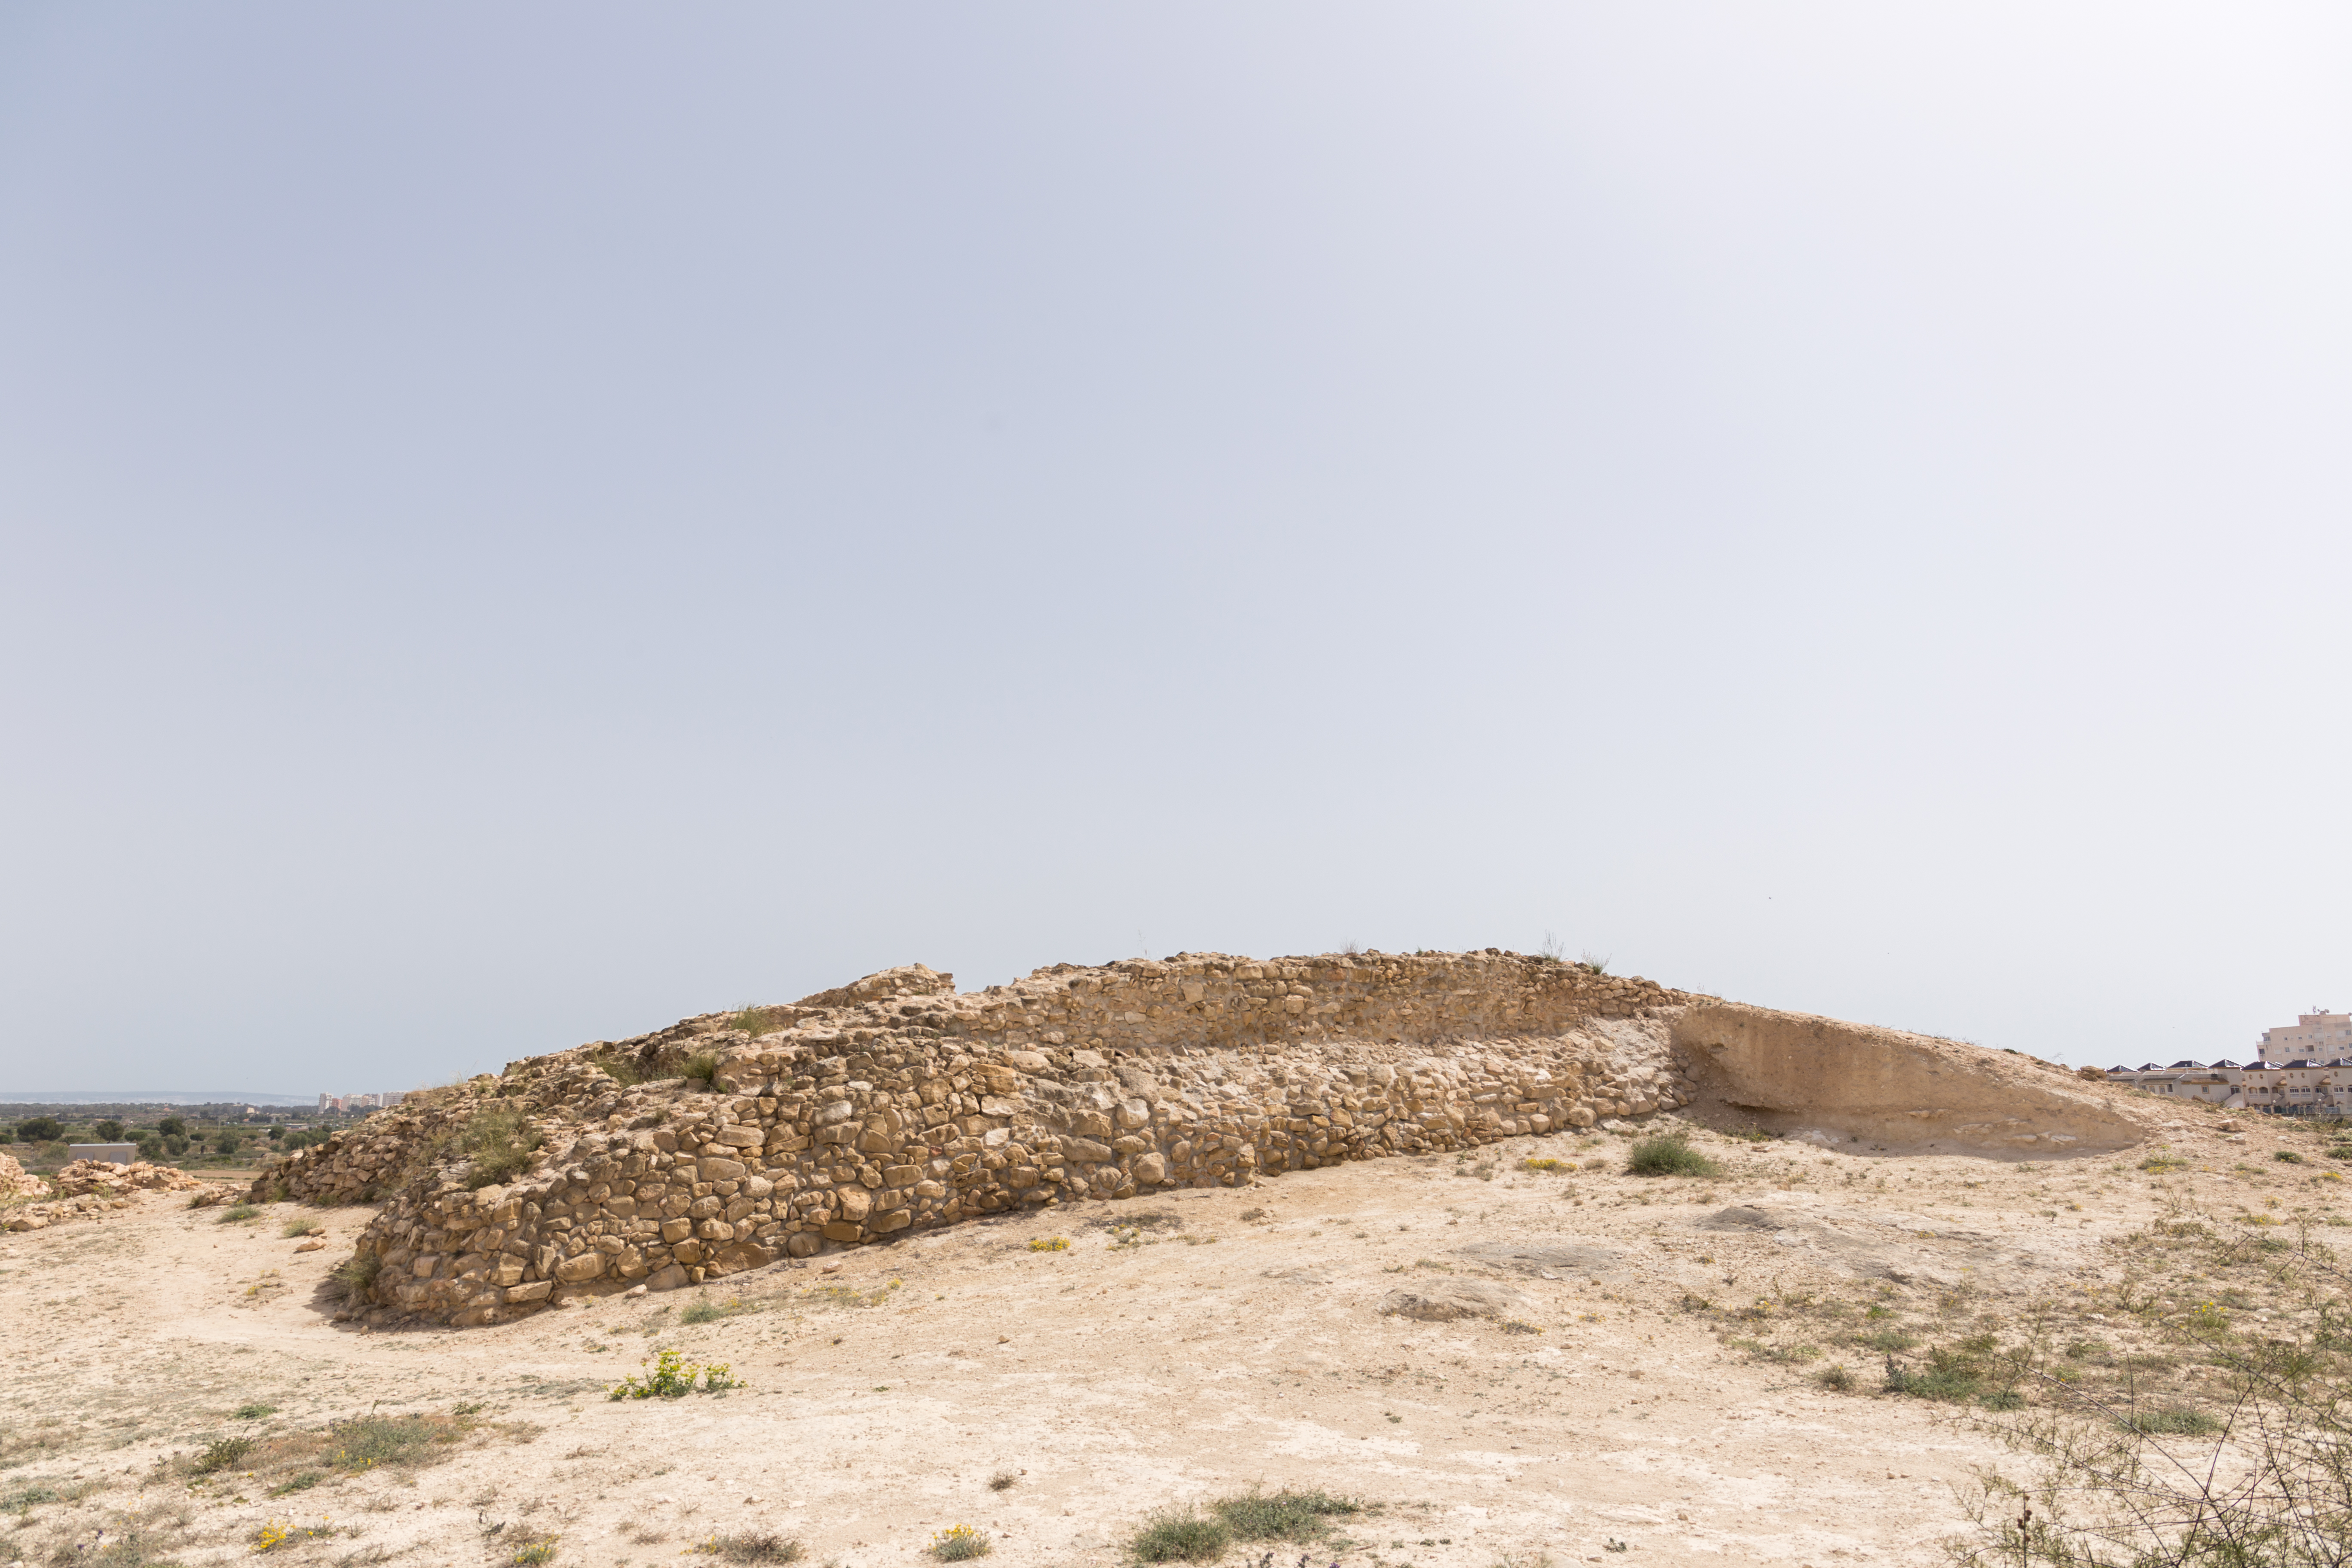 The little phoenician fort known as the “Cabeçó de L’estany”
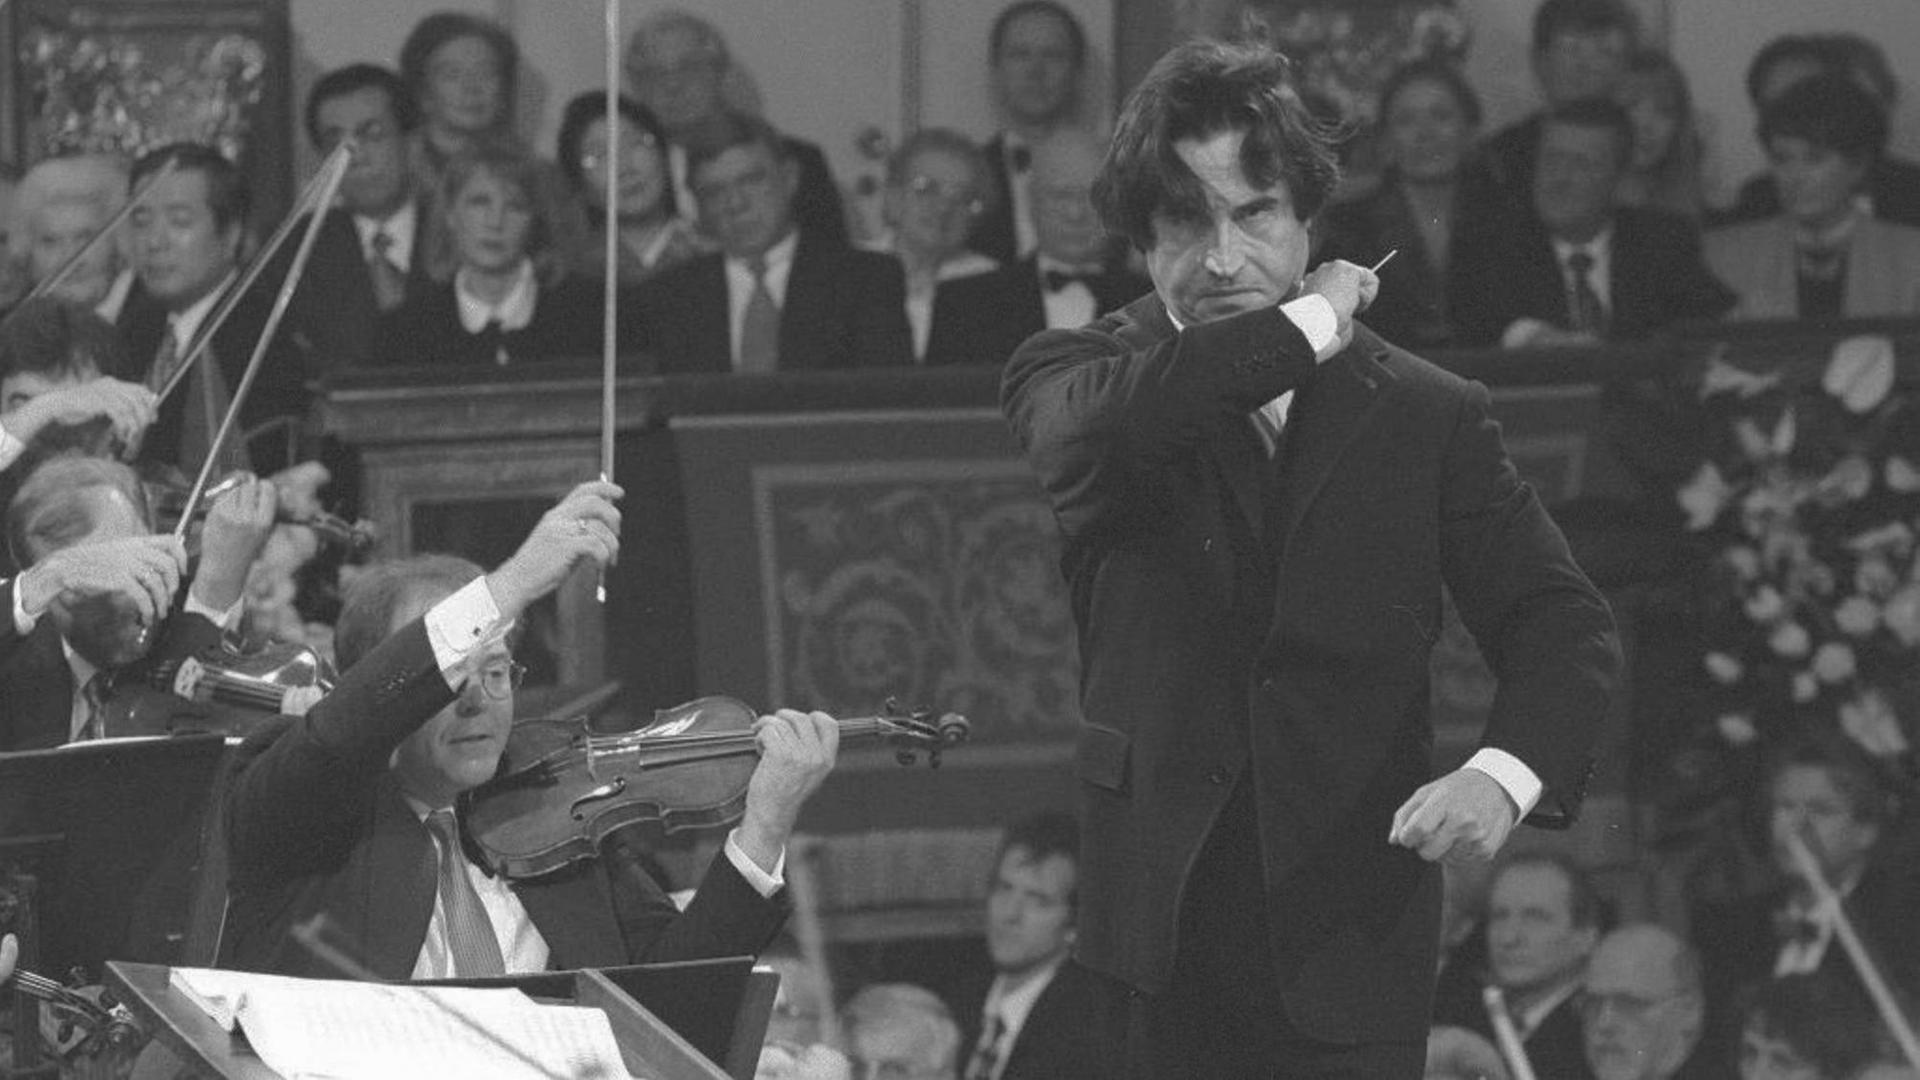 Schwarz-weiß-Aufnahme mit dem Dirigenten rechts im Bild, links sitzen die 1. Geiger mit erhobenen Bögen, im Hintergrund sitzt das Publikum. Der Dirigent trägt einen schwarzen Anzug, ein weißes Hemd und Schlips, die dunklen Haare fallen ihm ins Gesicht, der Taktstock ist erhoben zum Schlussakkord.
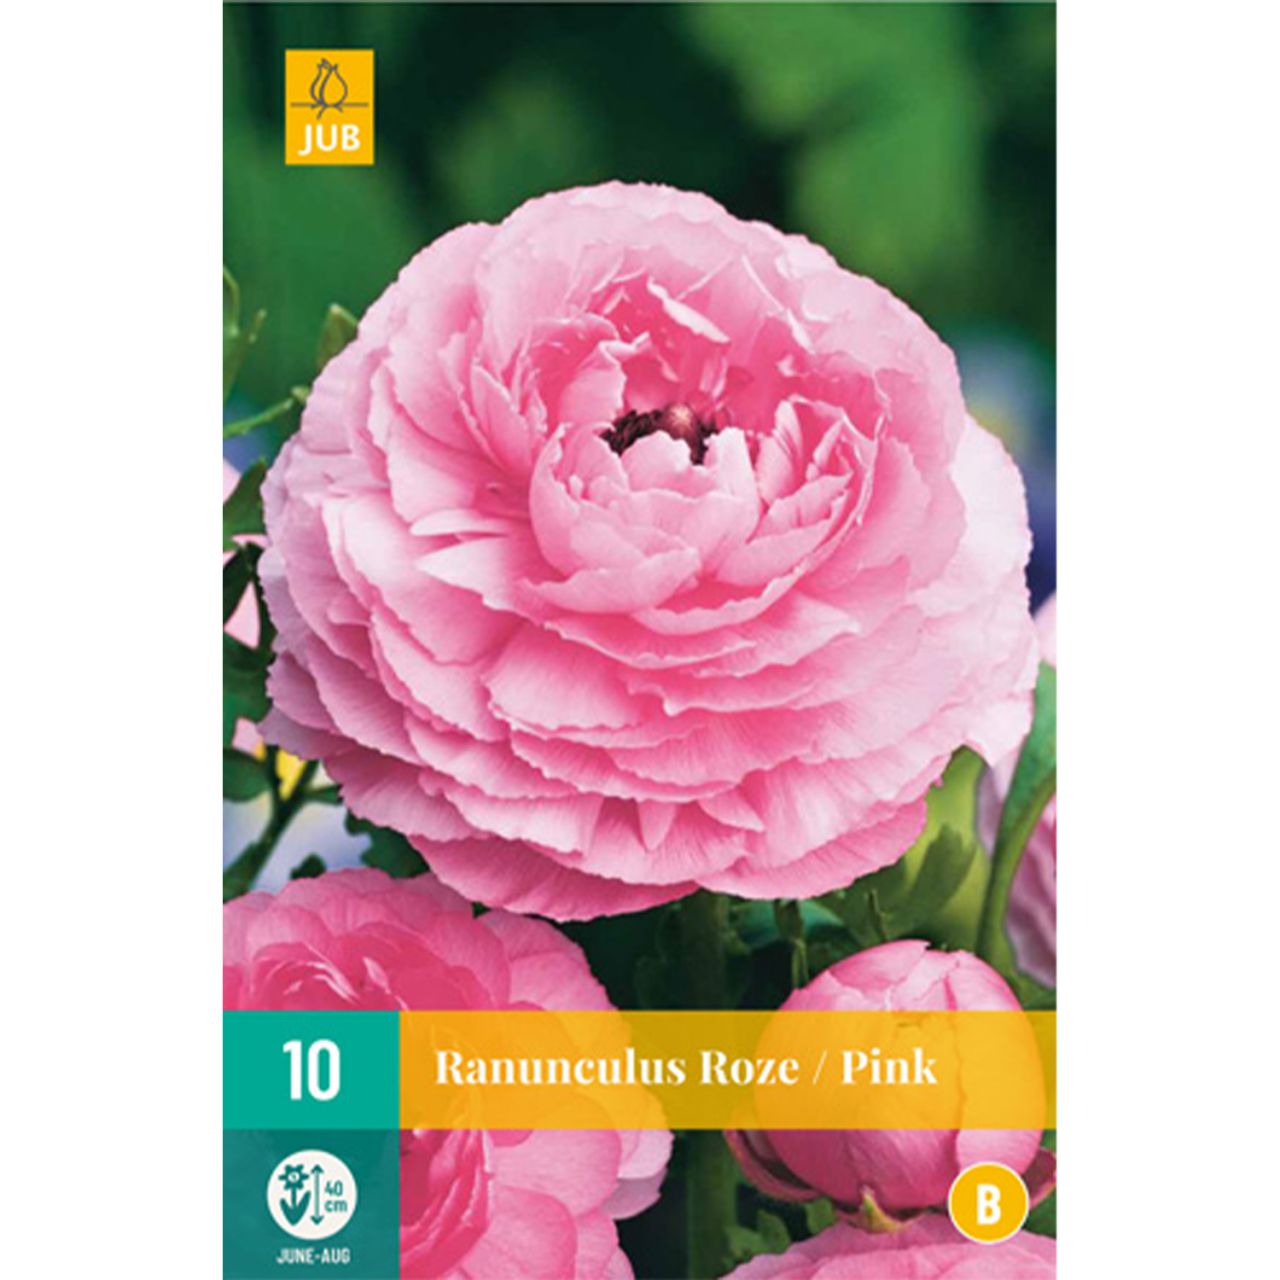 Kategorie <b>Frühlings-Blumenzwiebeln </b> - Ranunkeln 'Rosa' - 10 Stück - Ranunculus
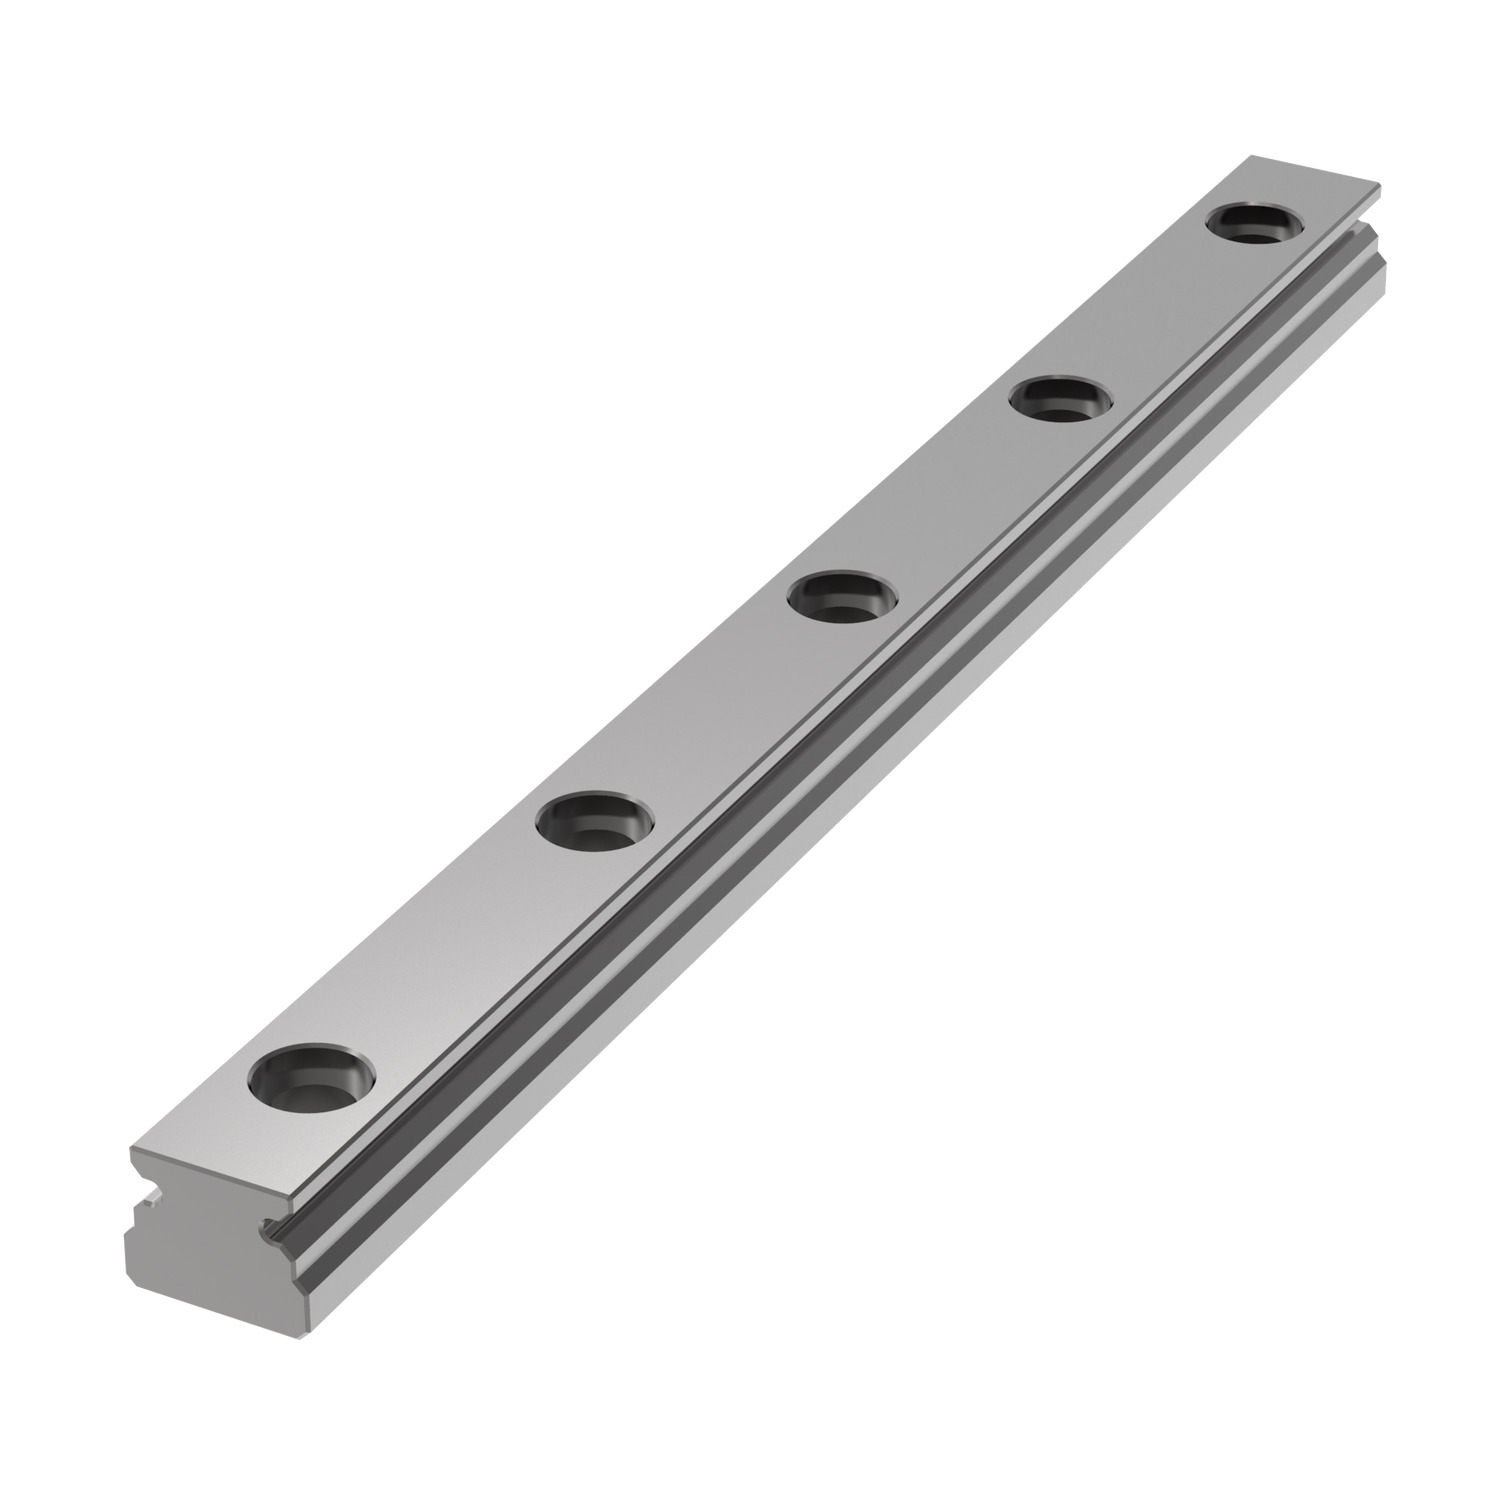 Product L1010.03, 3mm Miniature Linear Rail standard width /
######
_PROBLEM TO SOLVE_
Leave out the pictures and set down all of the data exactly.

_RESULT OF THE TASK_
 The little phoenician fort known as the “Cabeçó de L’estany”
 Schwarz-weiß-Aufnahme mit dem Dirigenten rechts im Bild, links sitzen die 1. Geiger mit erhobenen Bögen, im Hintergrund sitzt das Publikum. Der Dirigent trägt einen schwarzen Anzug, ein weißes Hemd und Schlips, die dunklen Haare fallen ihm ins Gesicht, der Taktstock ist erhoben zum Schlussakkord.
 Kategorie <b>Frühlings-Blumenzwiebeln </b> - Ranunkeln 'Rosa' - 10 Stück - Ranunculus
 Product L1010.03, 3mm Miniature Linear Rail standard width /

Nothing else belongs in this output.